**7.1 Multiply and Divide Rational Expressions**

Topics covered in this section are:

- Determine the values for which a rational expression is undefined
- Simplify rational expressions
- Multiply rational expressions
- Divide rational expressions
- Multiply and divide rational functions

We previously reviewed the properties of fractions and their operations. We introduced rational numbers, which are just fractions where the numerators and denominators are integers. In this chapter, we will work with fractions whose numerators and denominators are polynomials. We call this kind of expression a **rational expression**.

**RATIONAL EXPRESSION**

A rational expression is an expression of the form$ \frac{p}{q}$, where $p$ and $q$ are polynomials and $q≠0$.

Here are some examples of rational expressions:

$-\frac{24}{56}$ | $\frac{5x}{12y}$ | $\frac{4x+1}{x^{2}-9}$ | $\frac{4x^{2}+3x-1}{2x-8}$ |

Notice that the first rational expression listed above, $-\frac{24}{56}$, is just a fraction. Since a constant is a polynomial with degree zero, the ratio of two constants is a rational expression, provided the denominator is not zero.
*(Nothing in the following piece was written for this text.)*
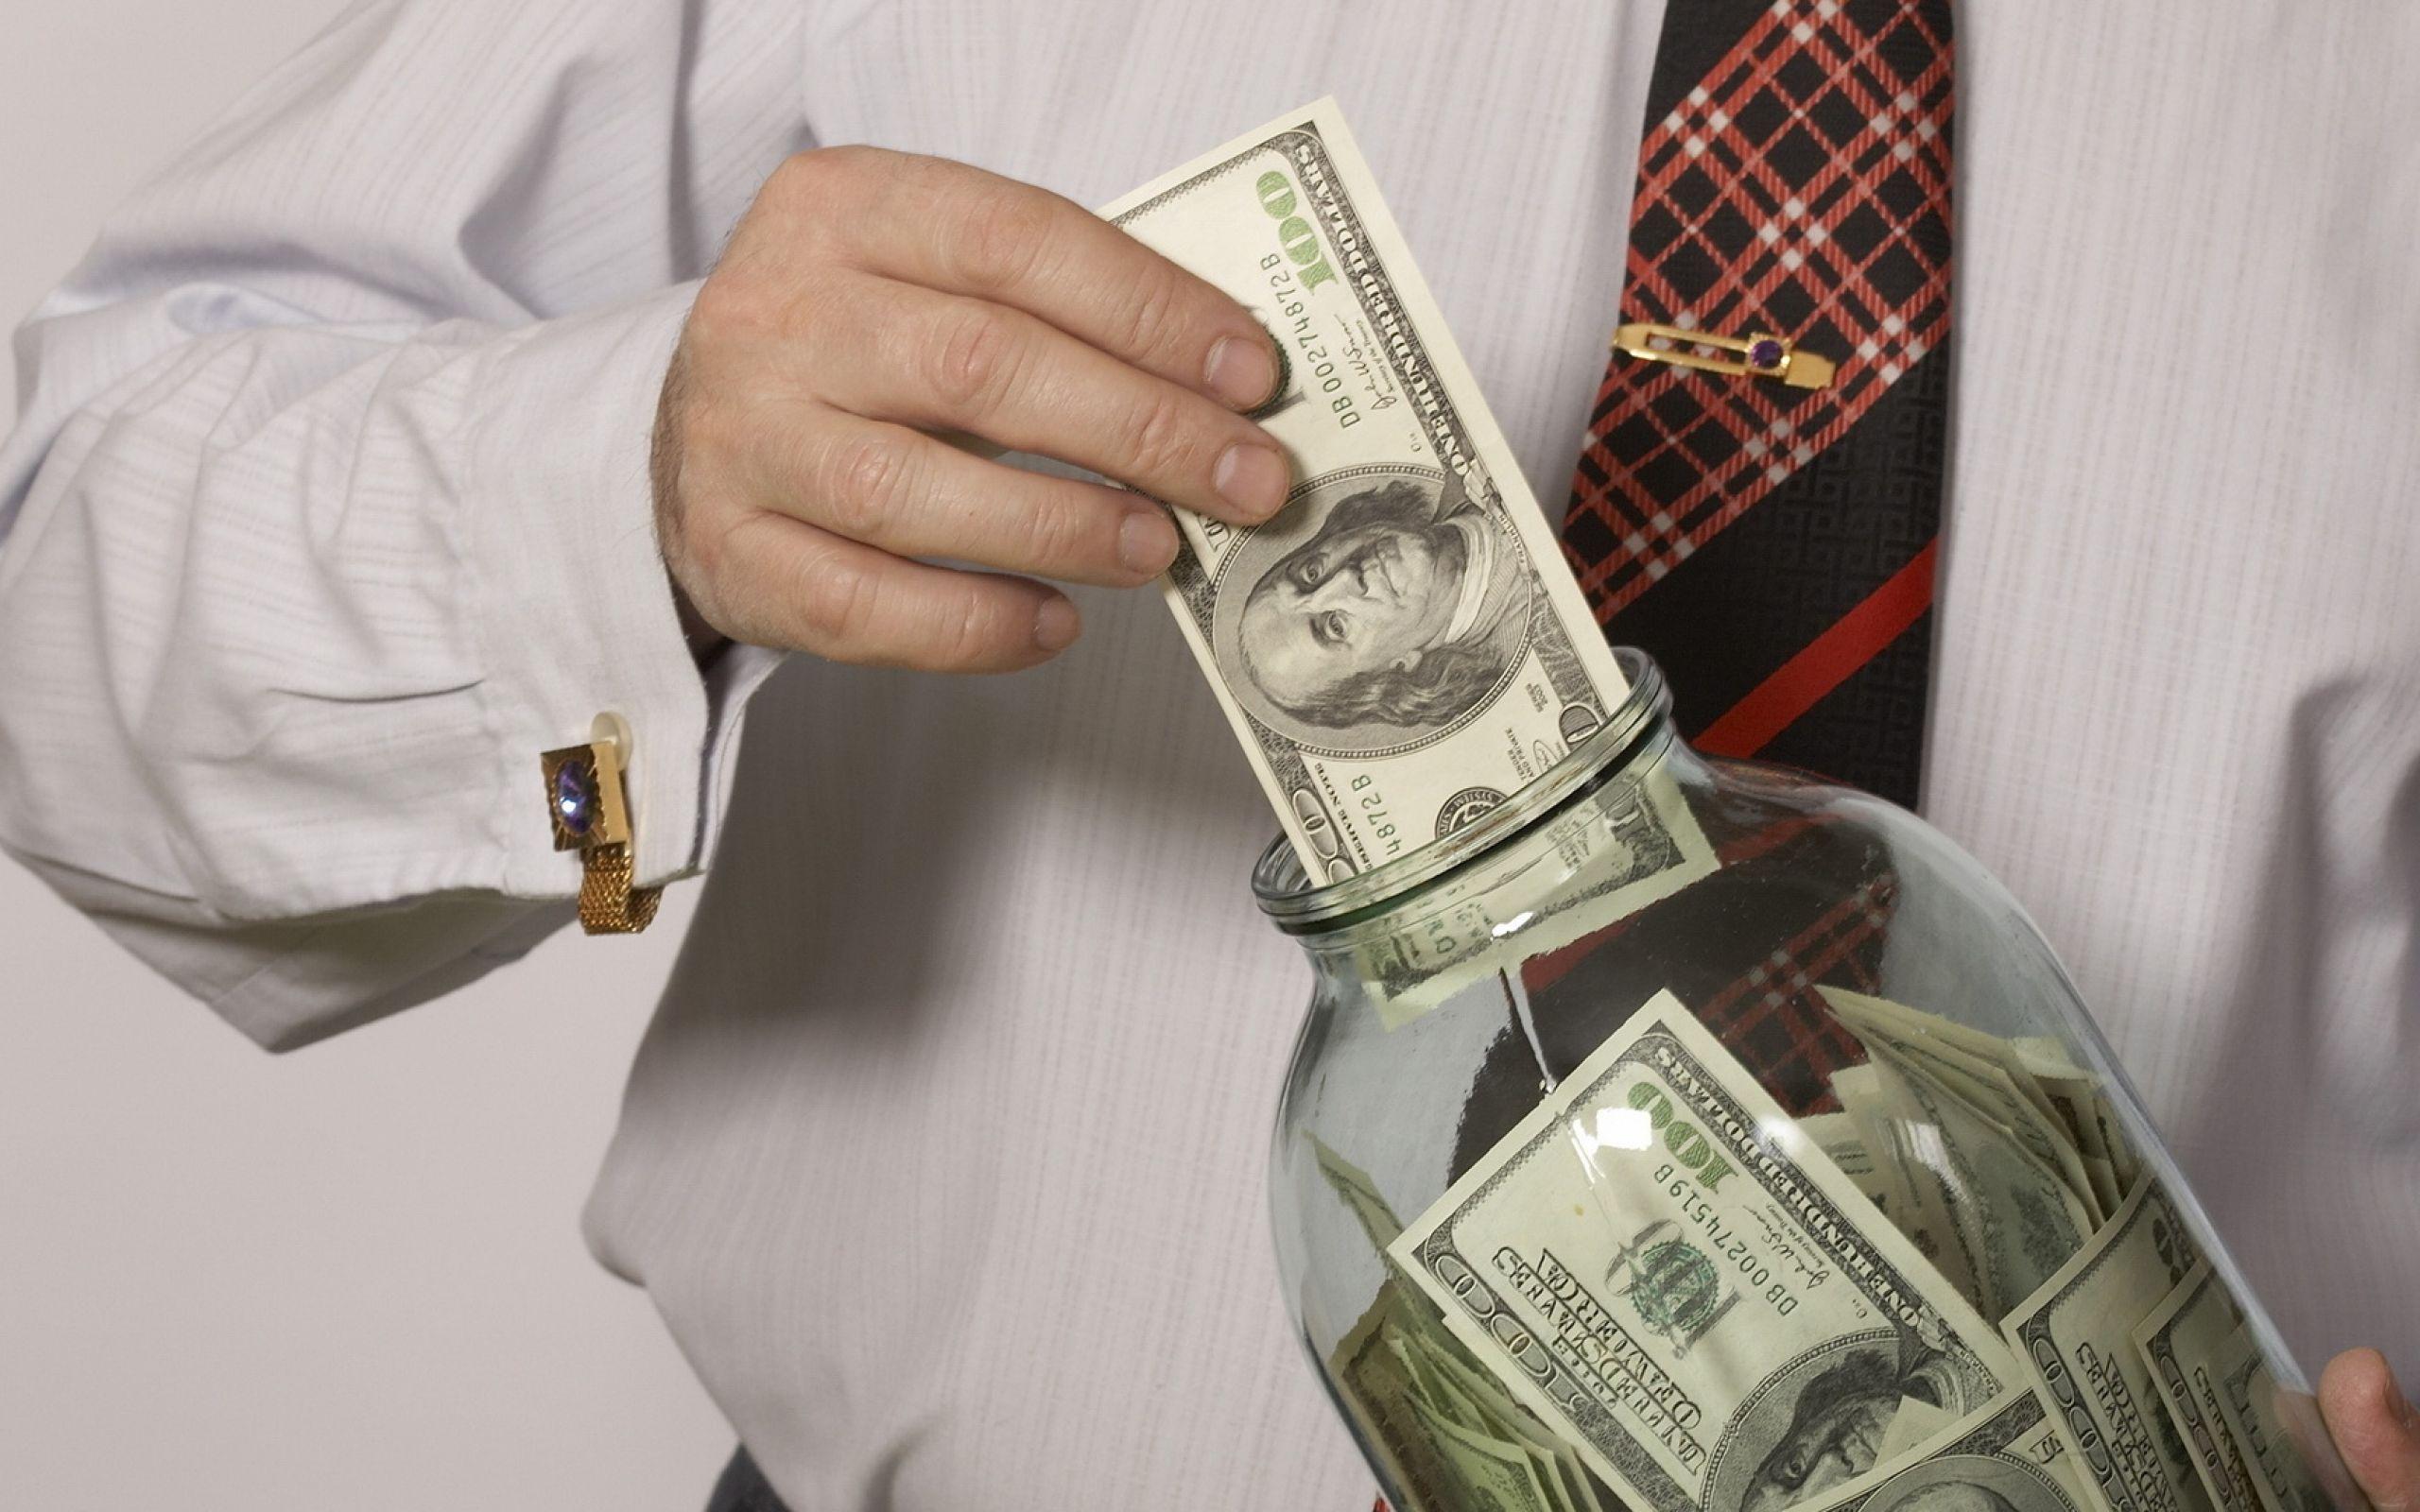 недорого при русский стандарт пропали деньги с депозита вам когда-либо задаваться

We will do the same operations with rational expressions that we did with fractions. We will simplify, add, subtract, multiply, divide and use them in applications.

**7.1.1 Determine the Values for Which a Rational Expression is Undefined**

If the denominator is zero, the rational expression is undefined. The numerator of a rational expression may be $0$—but not the denominator.

When we work with a numerical fraction, it is easy to avoid dividing by zero because we can see the number in the denominator. In order to avoid dividing by zero in a rational expression, we must not allow values of the variable that will make the denominator be zero.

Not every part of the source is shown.